**DATA EXCERPT**:

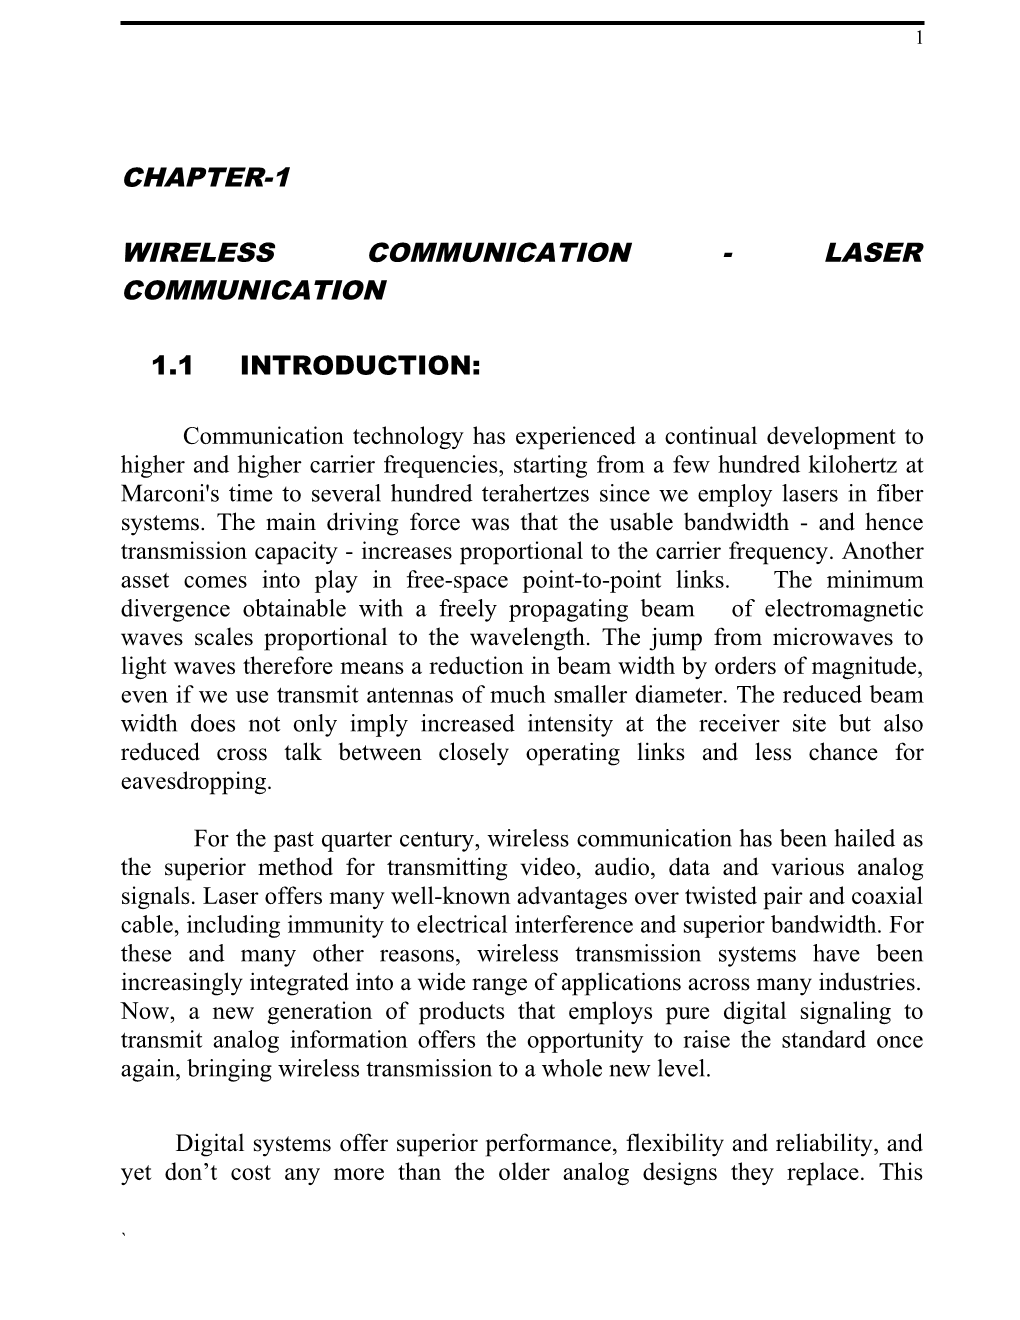 Wireless Communication - Laser Communication
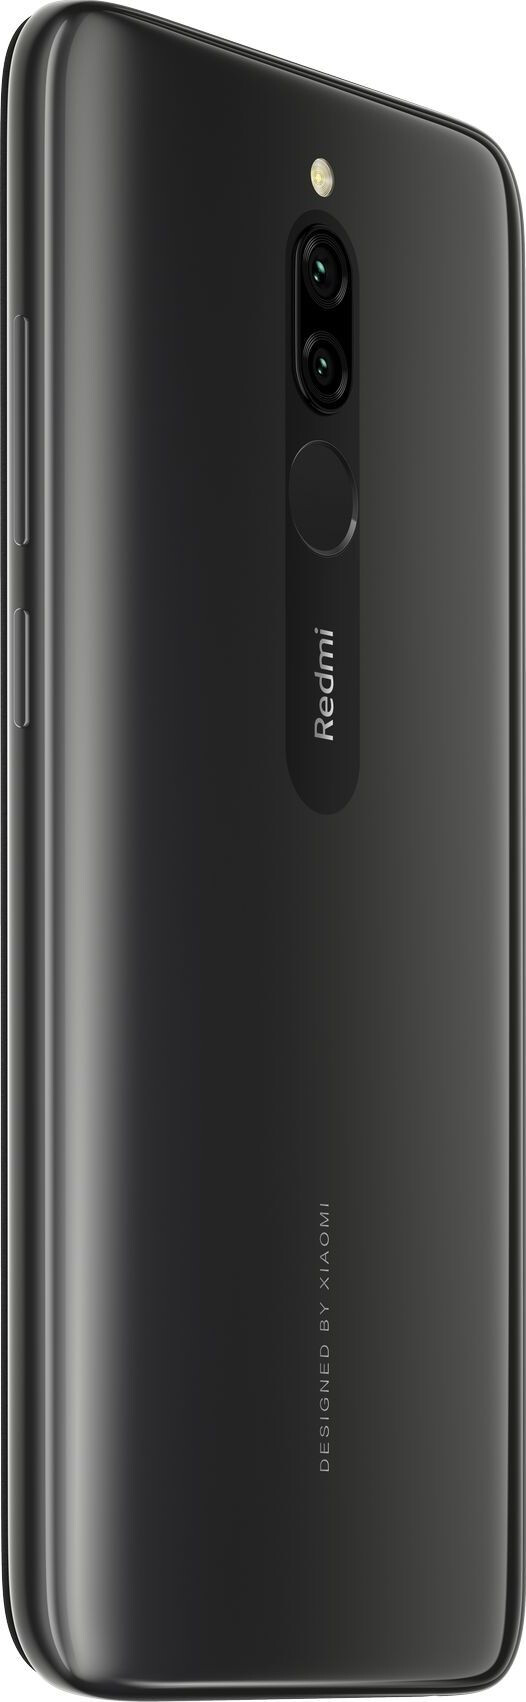 Xiaomi Redmi 8 Onyx
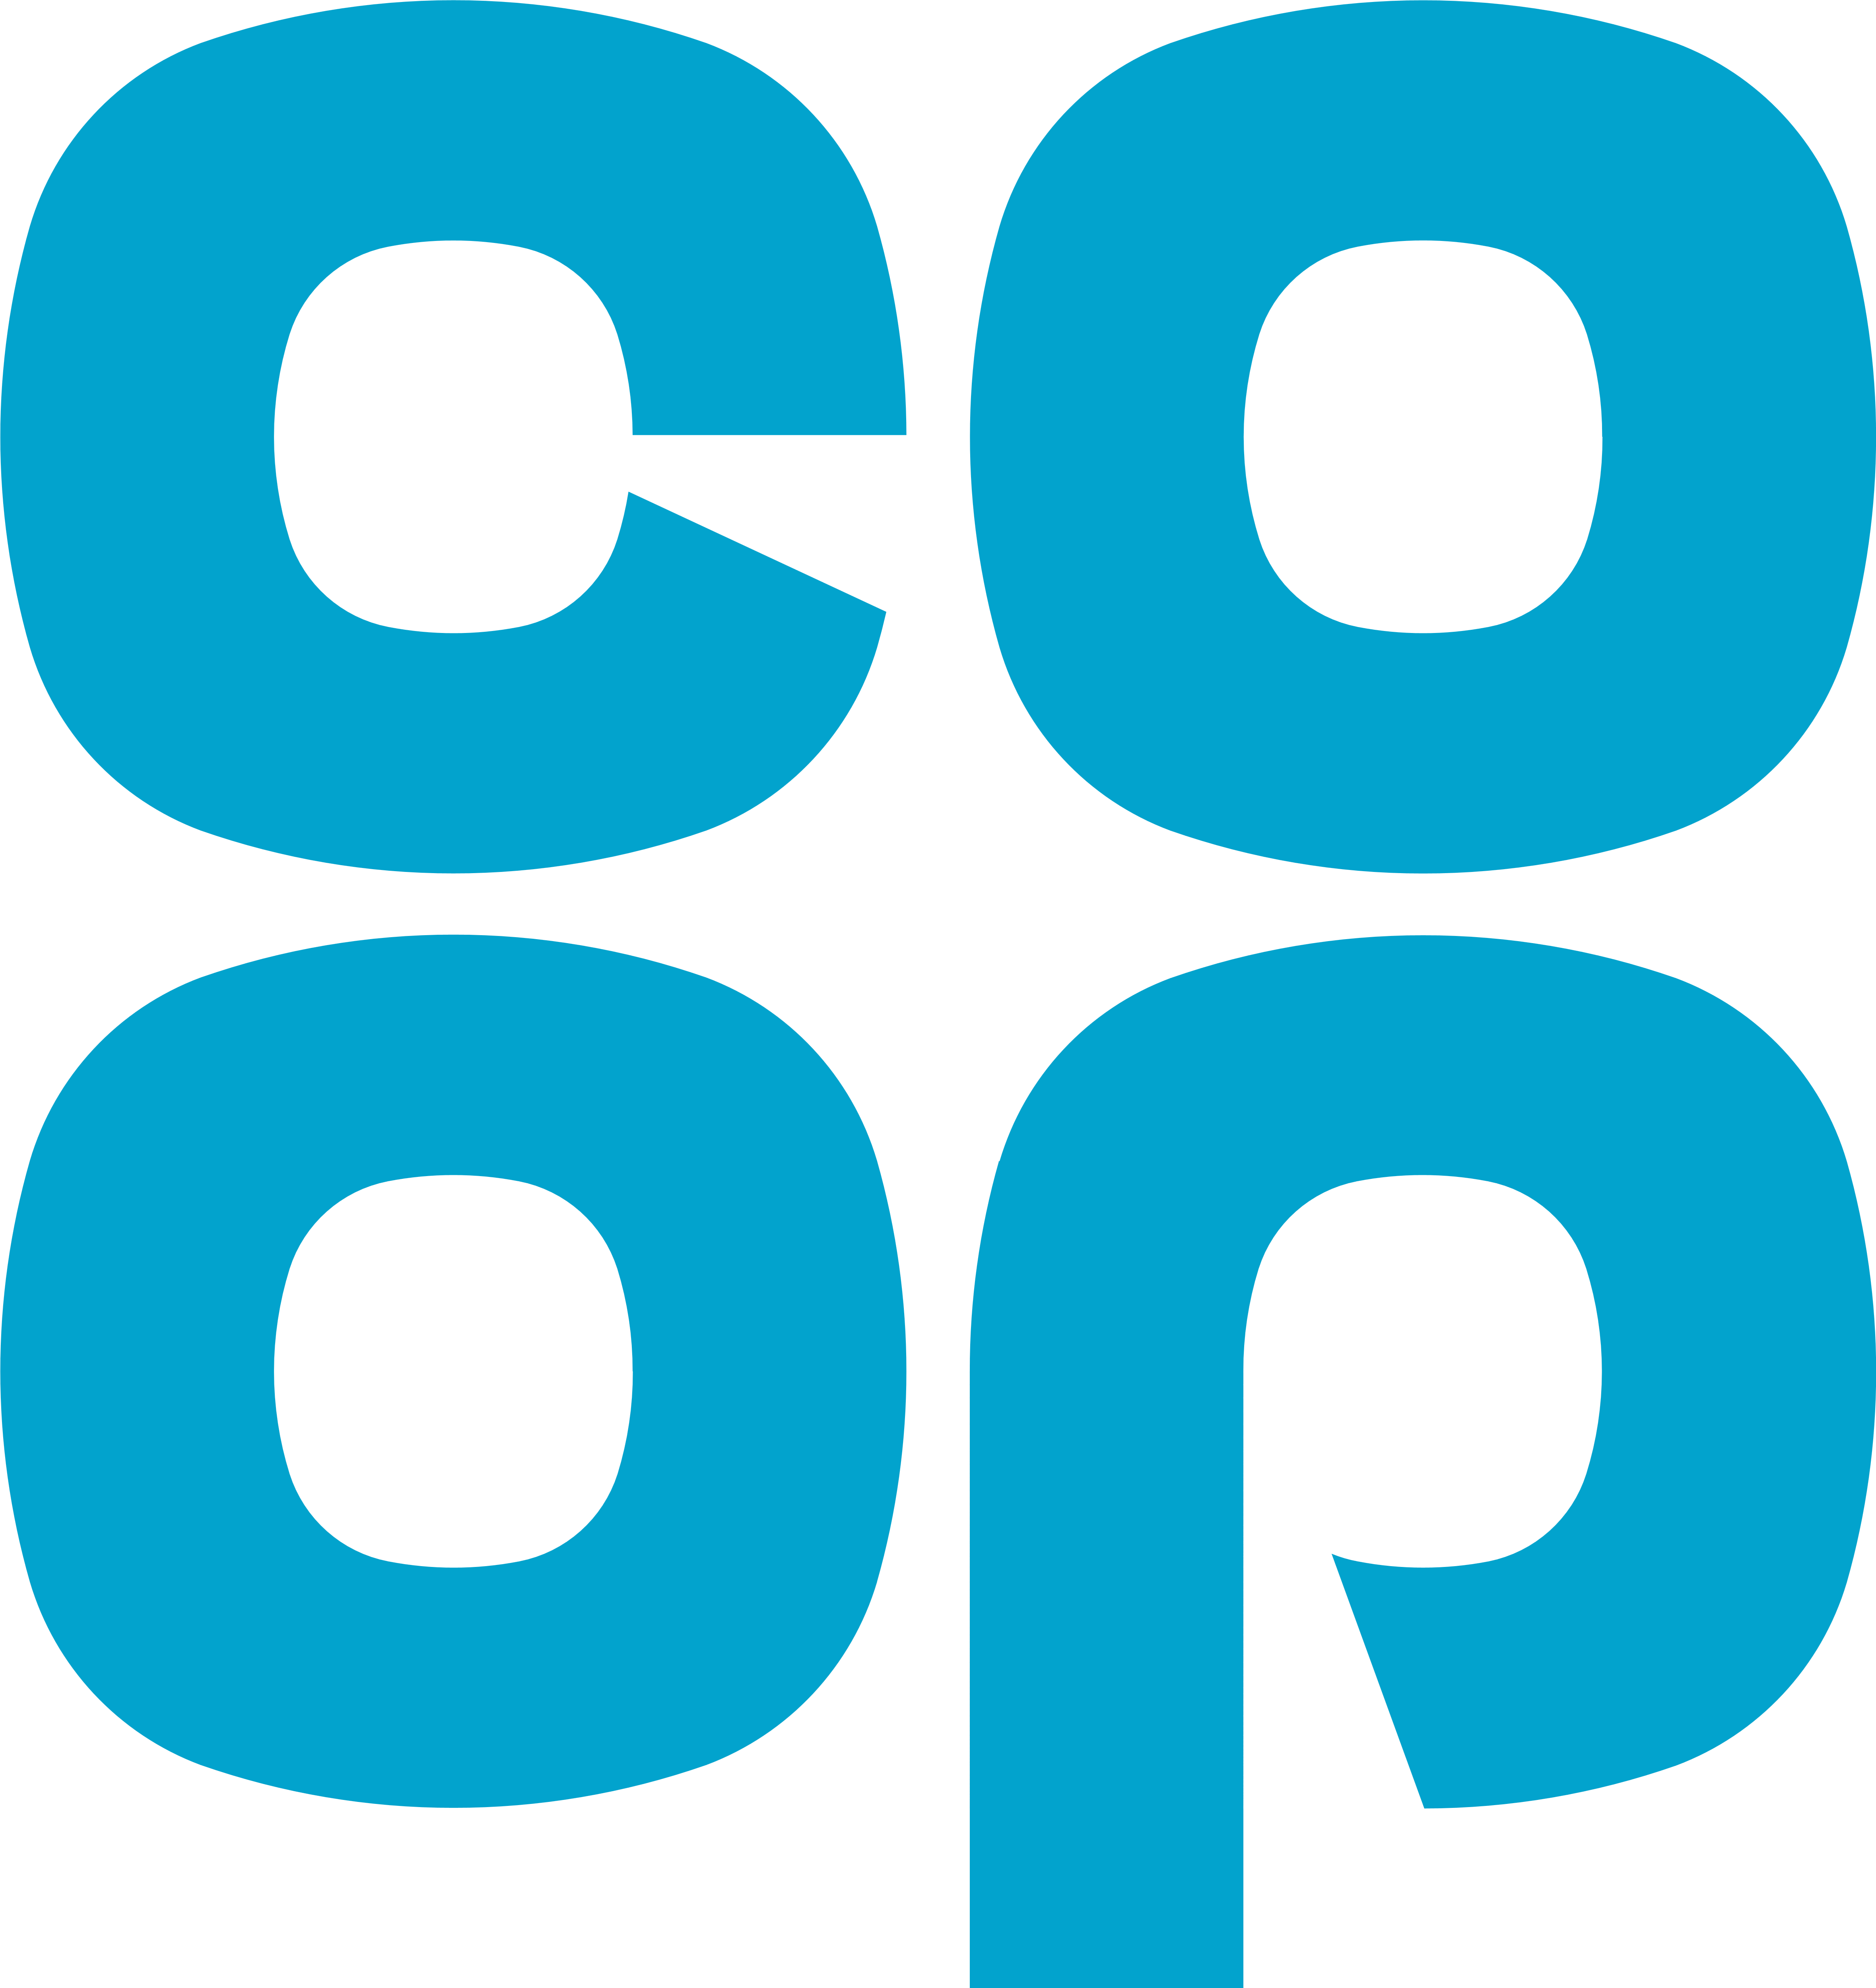 Co-op logo, logotype
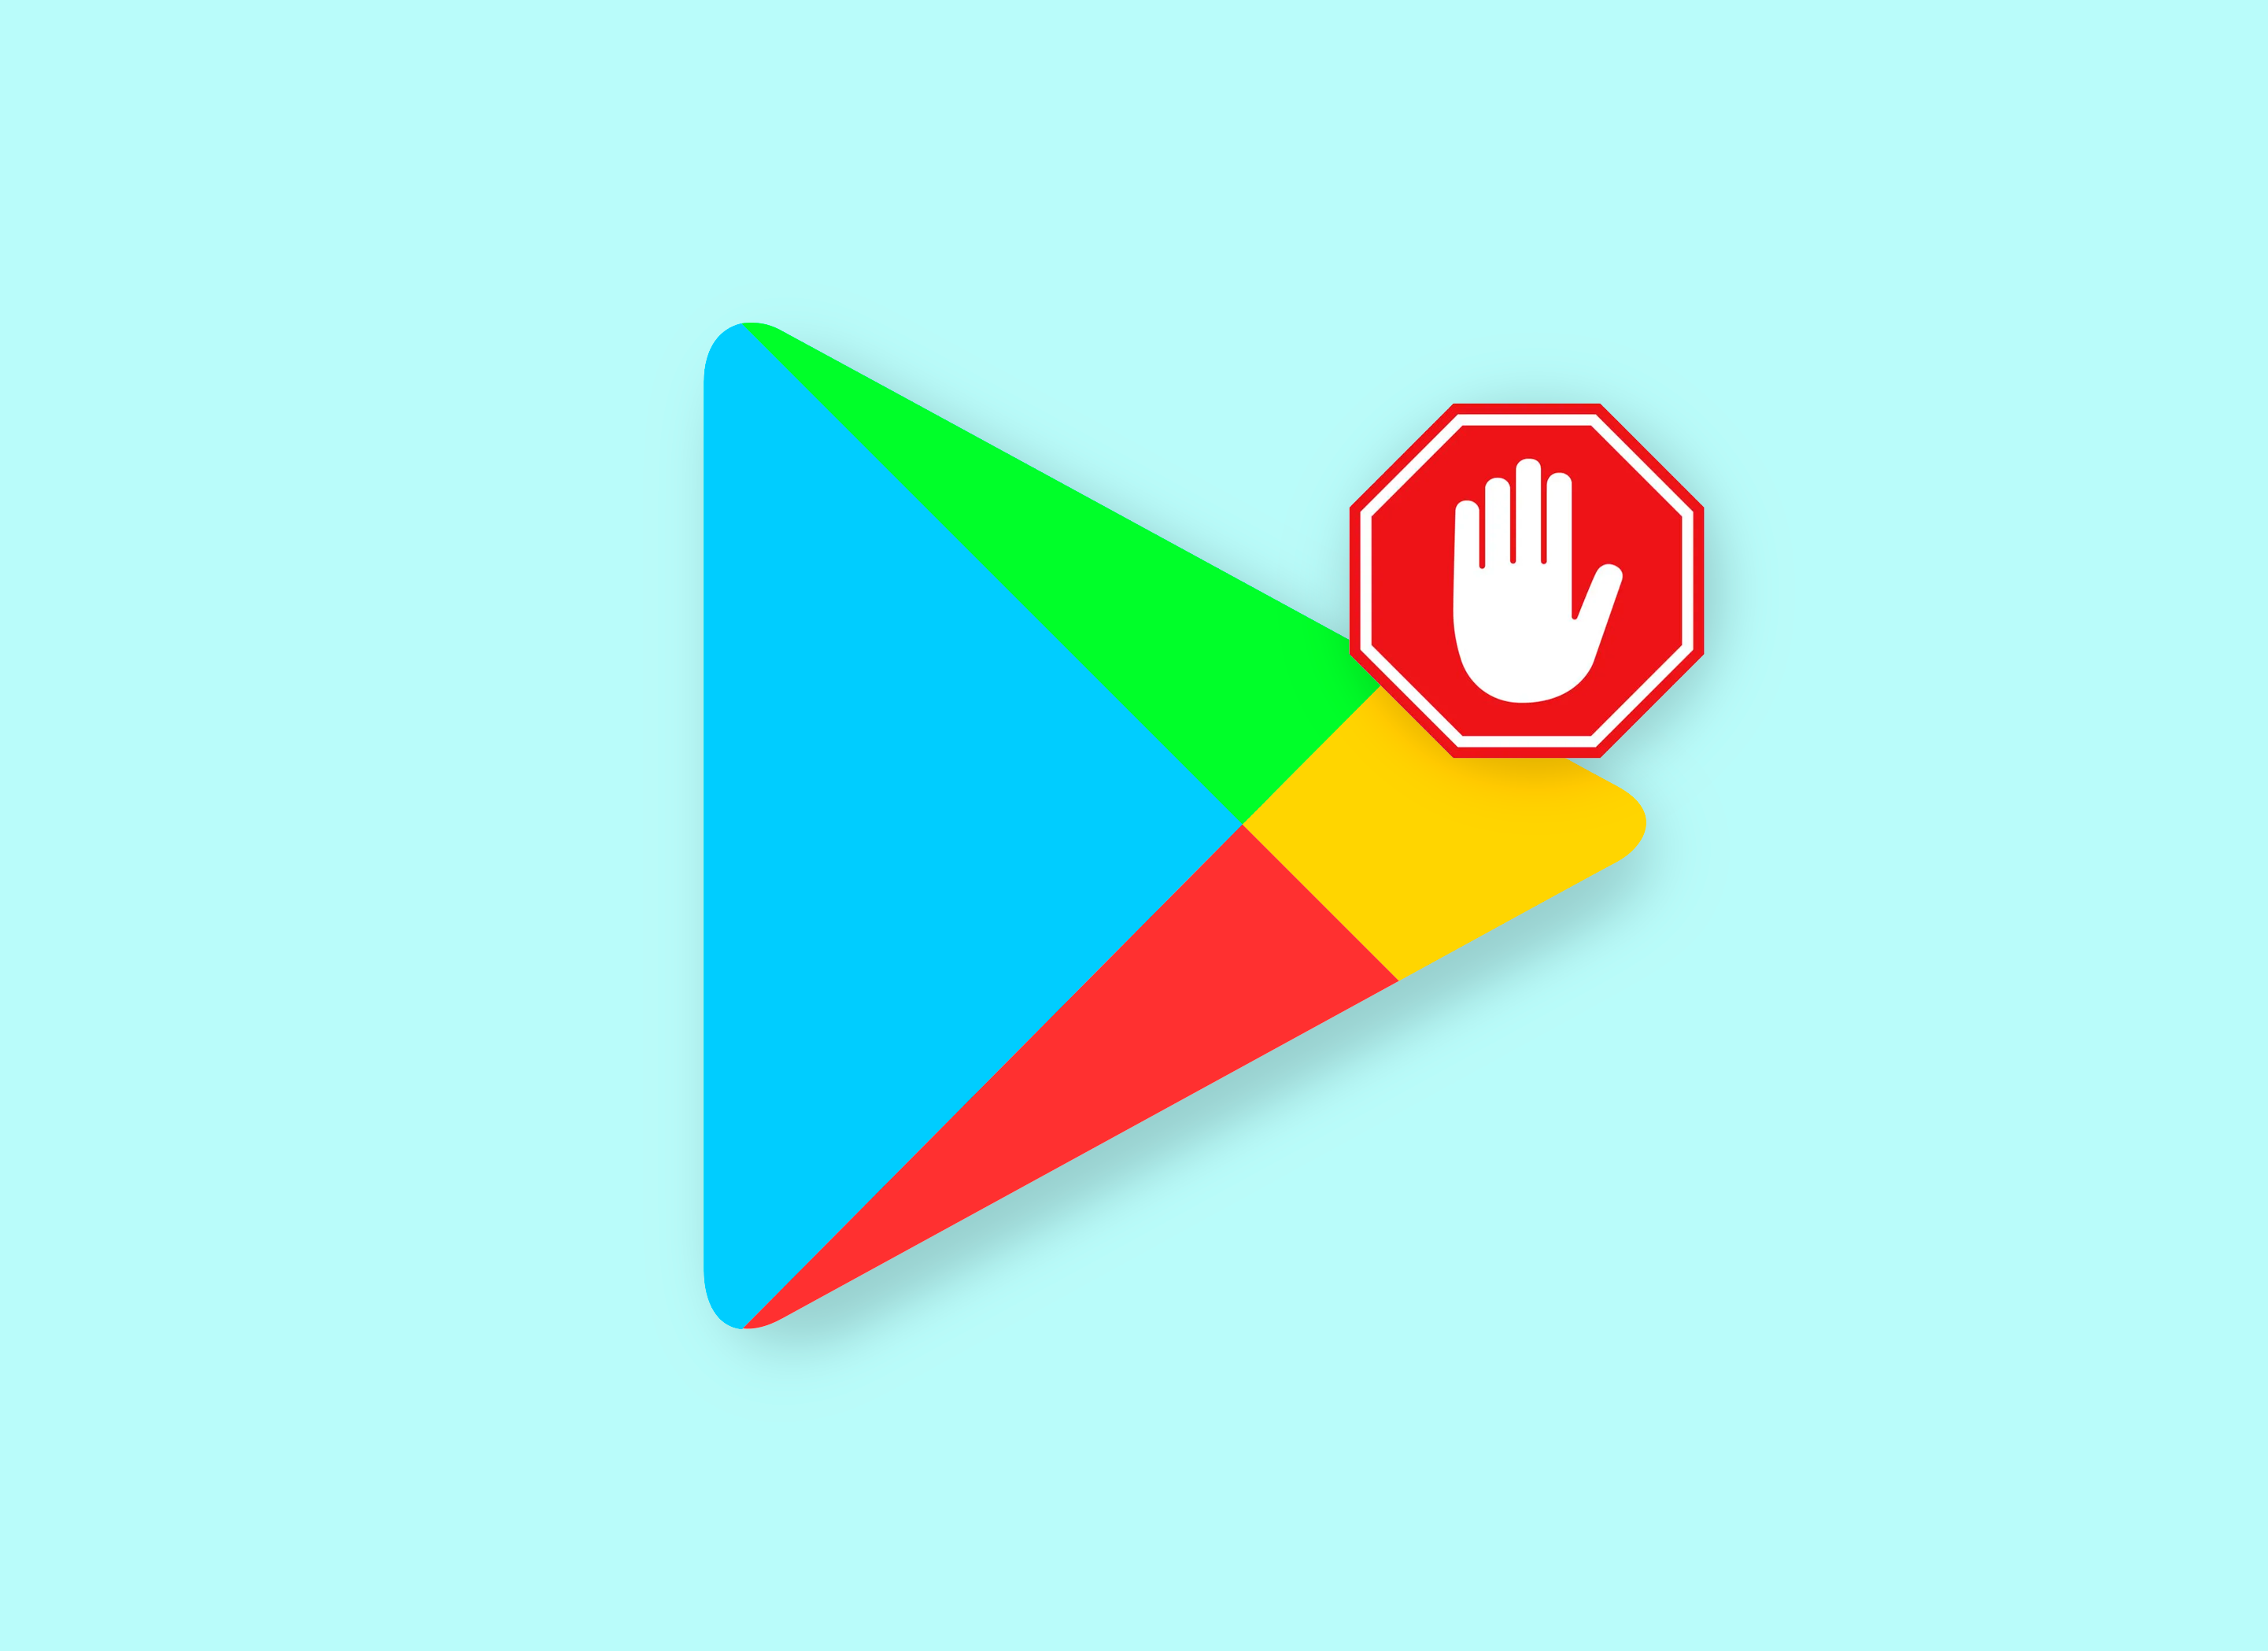 No instales esta App: haz caso al nuevo e importante aviso de Google Play

**GOAL OF THE EXERCISE**:
Starting with the line that contains "Xiaomi Redmi 8 Onyx", repeat each line exactly through the last line of the data above, and nothing more; the pictures stay out.

**EXERCISE OUTPUT**:
 Xiaomi Redmi 8 Onyx
 Co-op logo, logotype
 No instales esta App: haz caso al nuevo e importante aviso de Google Play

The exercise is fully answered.